I hate the fact that other things are red. It doesn't feel right, it feels wrong, it feels like a lie. They're painted red - they never could be born that way. Things don't form like that; things are made to be perfect and by doing so they miss the concept of perfection entirely... they miss it by a mile off. The things that aren't meant to be perfect are the ones who always end up being so. Life works in funny ways as it paints the world red.

Even the colour red makes me want to tear my skin apart frantically like some sort of savage monster, which I supposed I could be compared to, but only by someone particularly sadistic. Sadism is natural, though.

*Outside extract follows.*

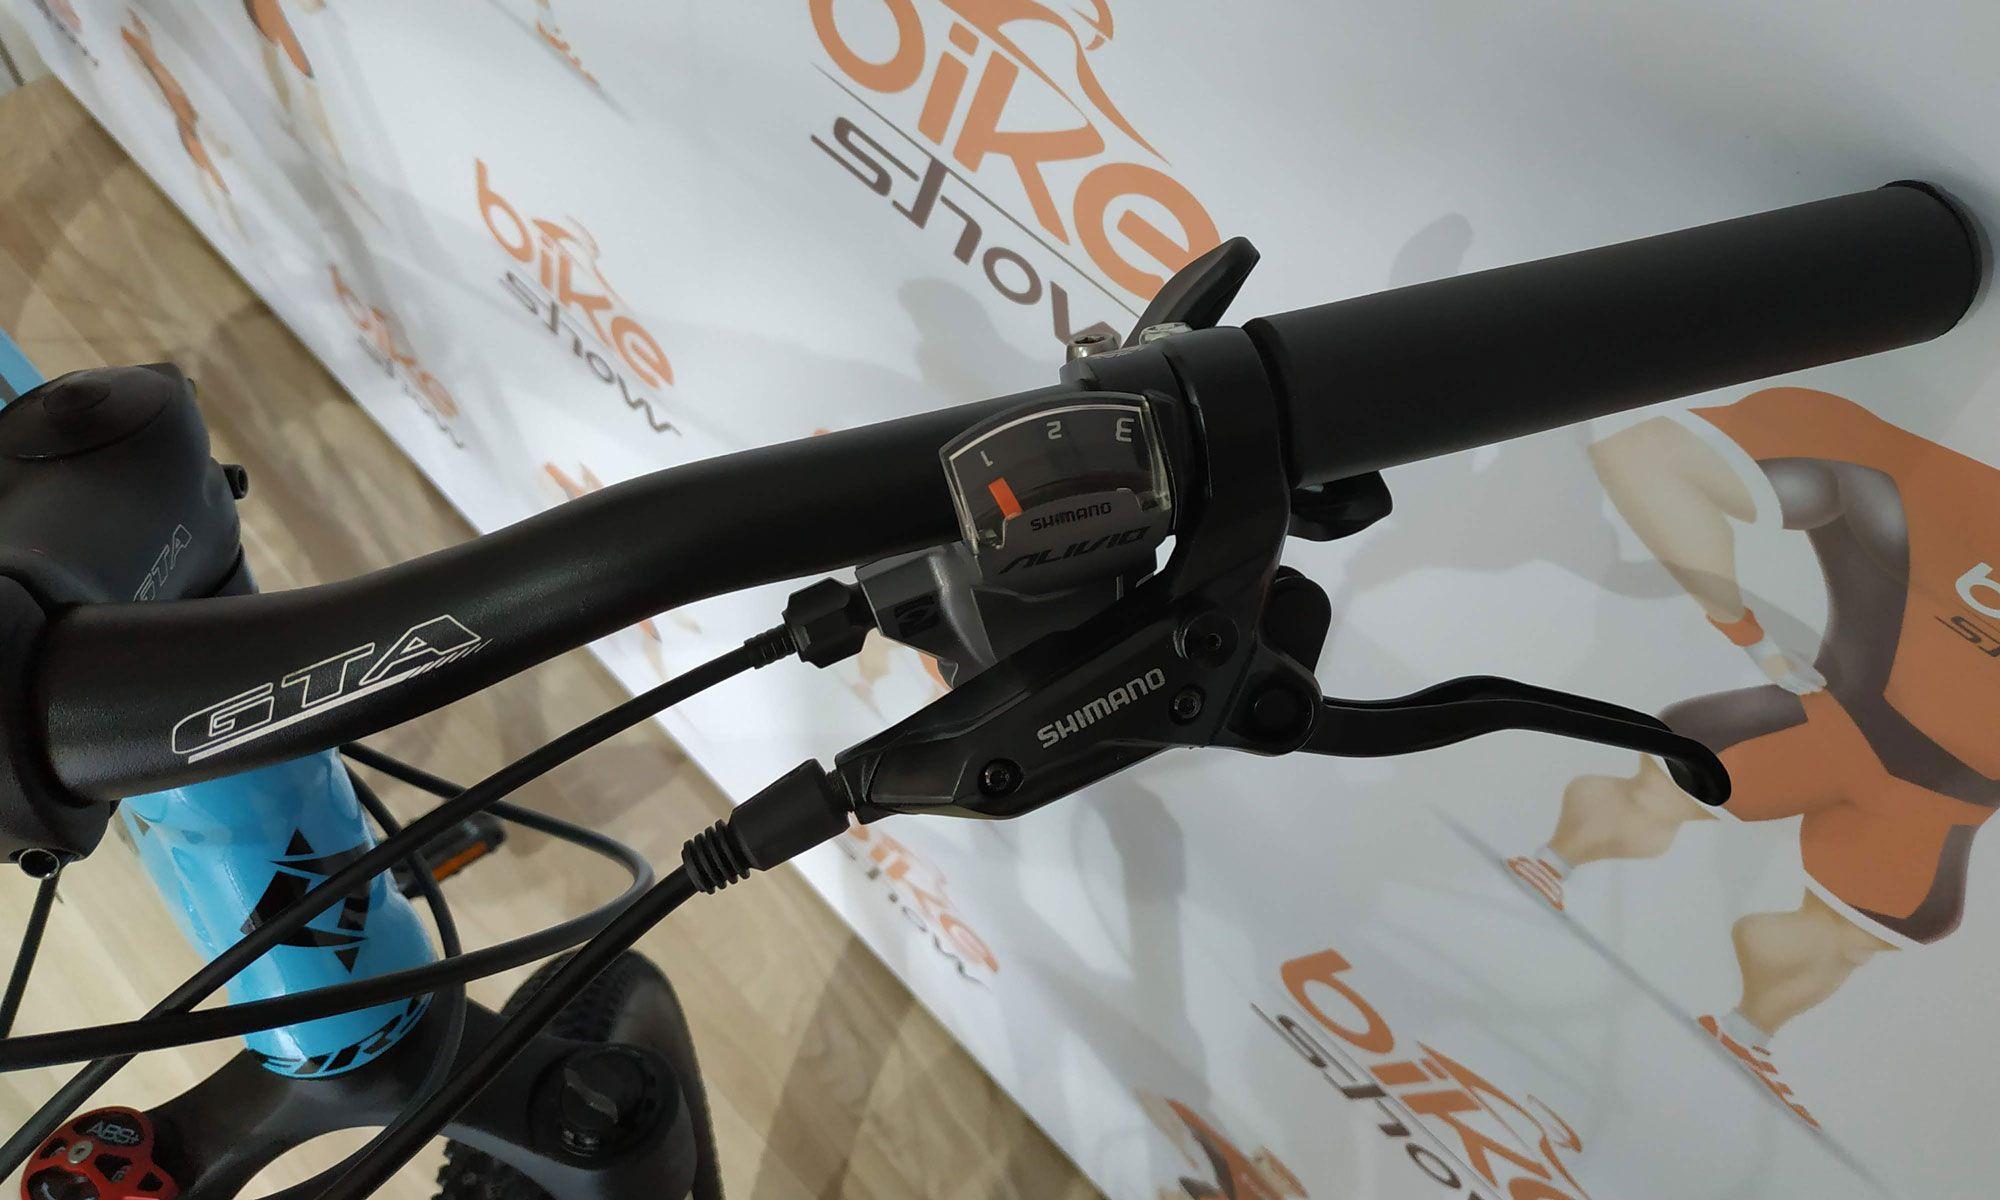 Bicicleta FIRST Lifty aro 29 - 27v Shimano Alívio - Freio Shimano Hidráulico - Suspensão GTA toda em alumínio trava ombro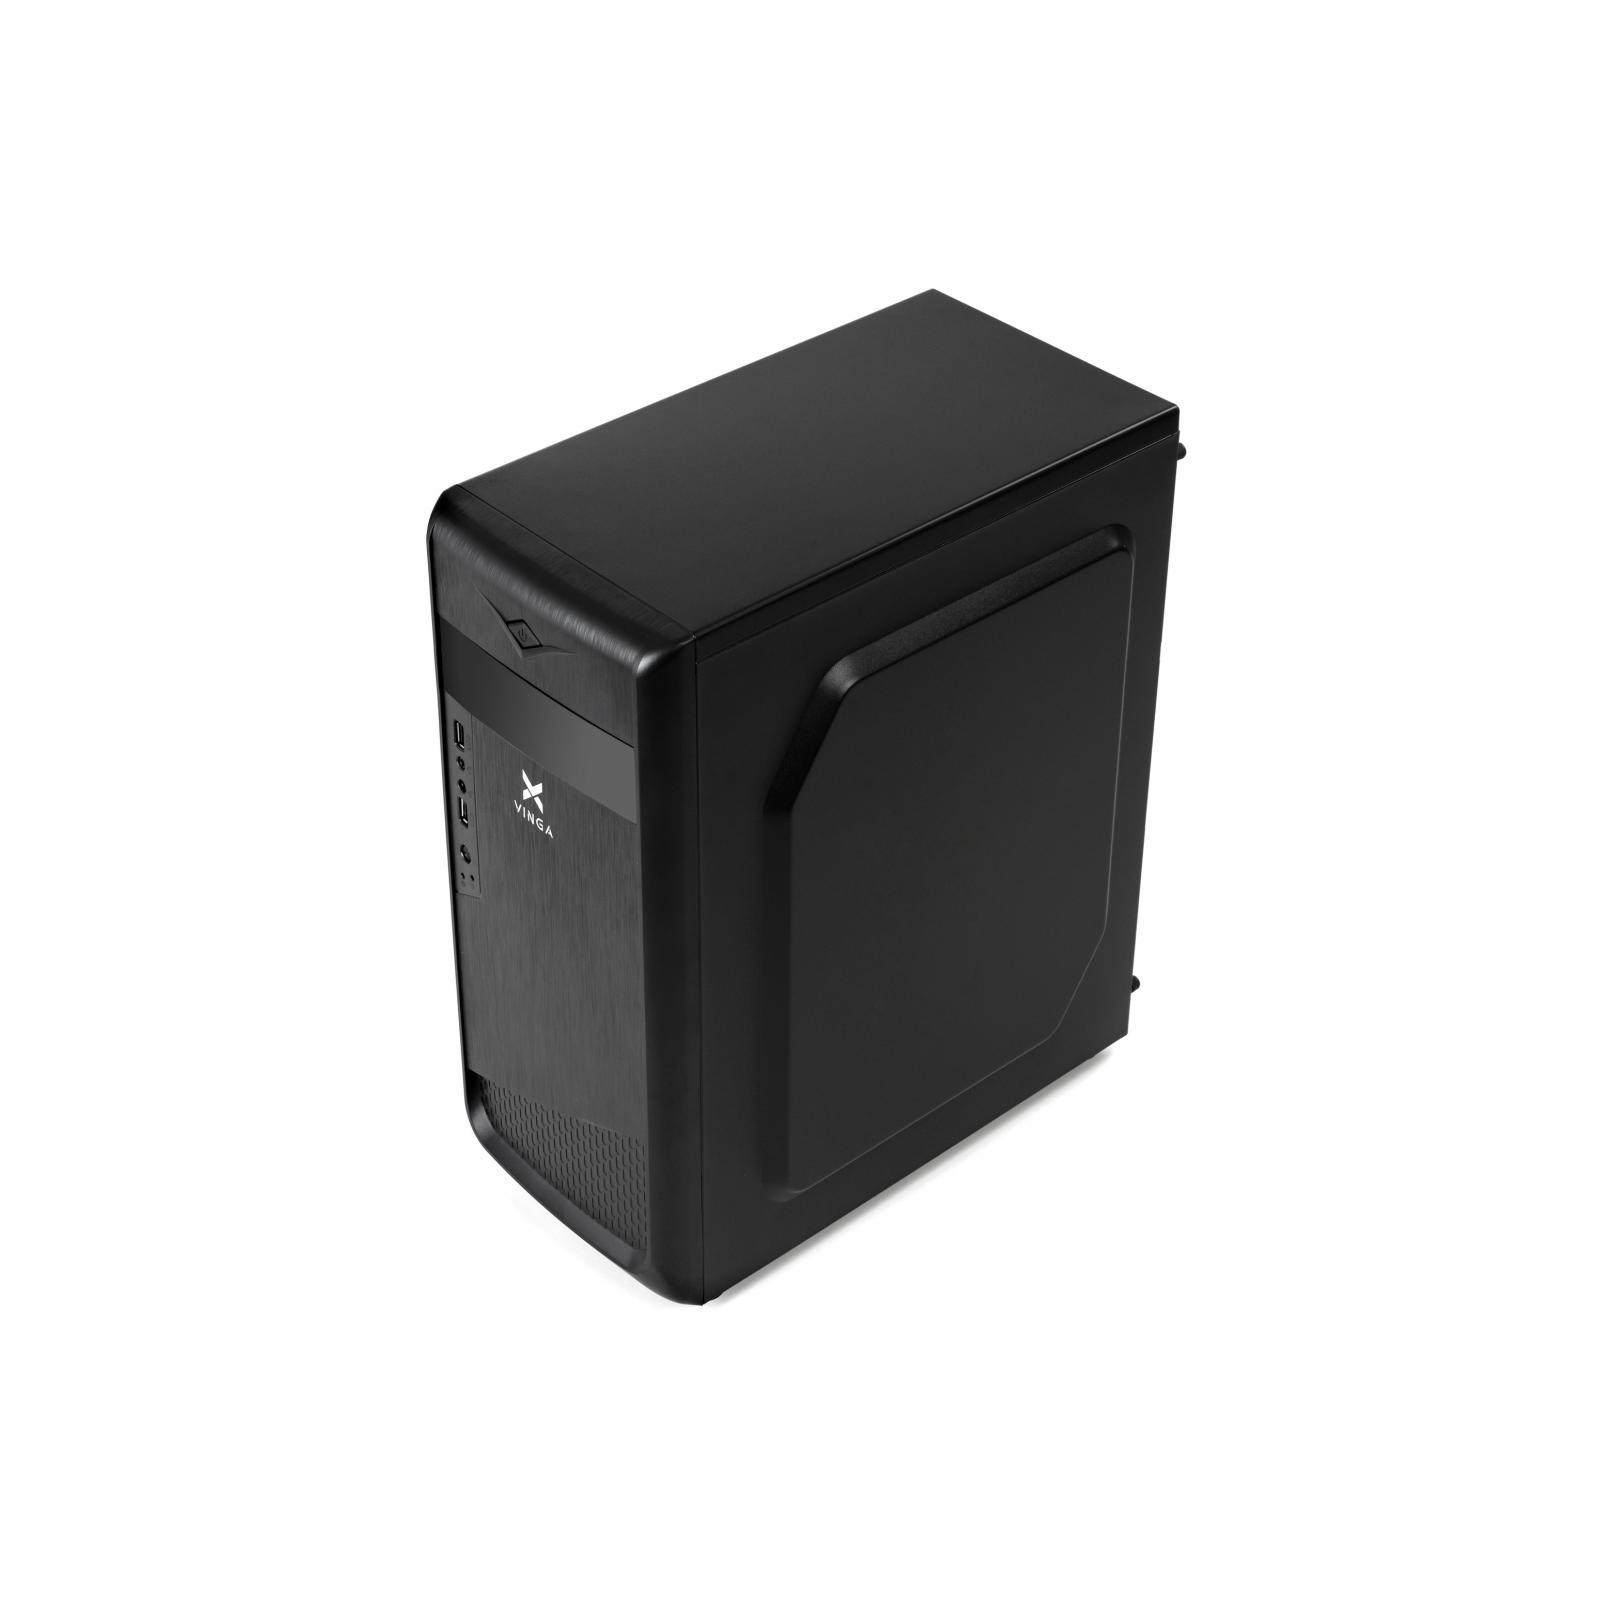 Компьютер Vinga Basic A0171 (E1M4INTW.A0171) изображение 5

Sadism is within all of us and no one can argue against that, even those people who think their degrees and graduation caps entitle them to claiming they have knowledge over the entire world. Sadism is within them especially, but the colour red isn't, and for the latter I'm glad. Red is a part of me; I'm selfish, but red is too.

I hate the fact that the chairs are red, and there are red marker pens, and that things are marked in red biro, I hate the fact that his tie is red, and that her shoes are red, that his shirt is red and that her hair is red. 

I hate how they can think red doesn't matter when it's the only thing that does. Red always matters, red is who I am. Red is all I'll ever be. I grew up wanting to be red, and I'll die red. I'll die red, alone and soon.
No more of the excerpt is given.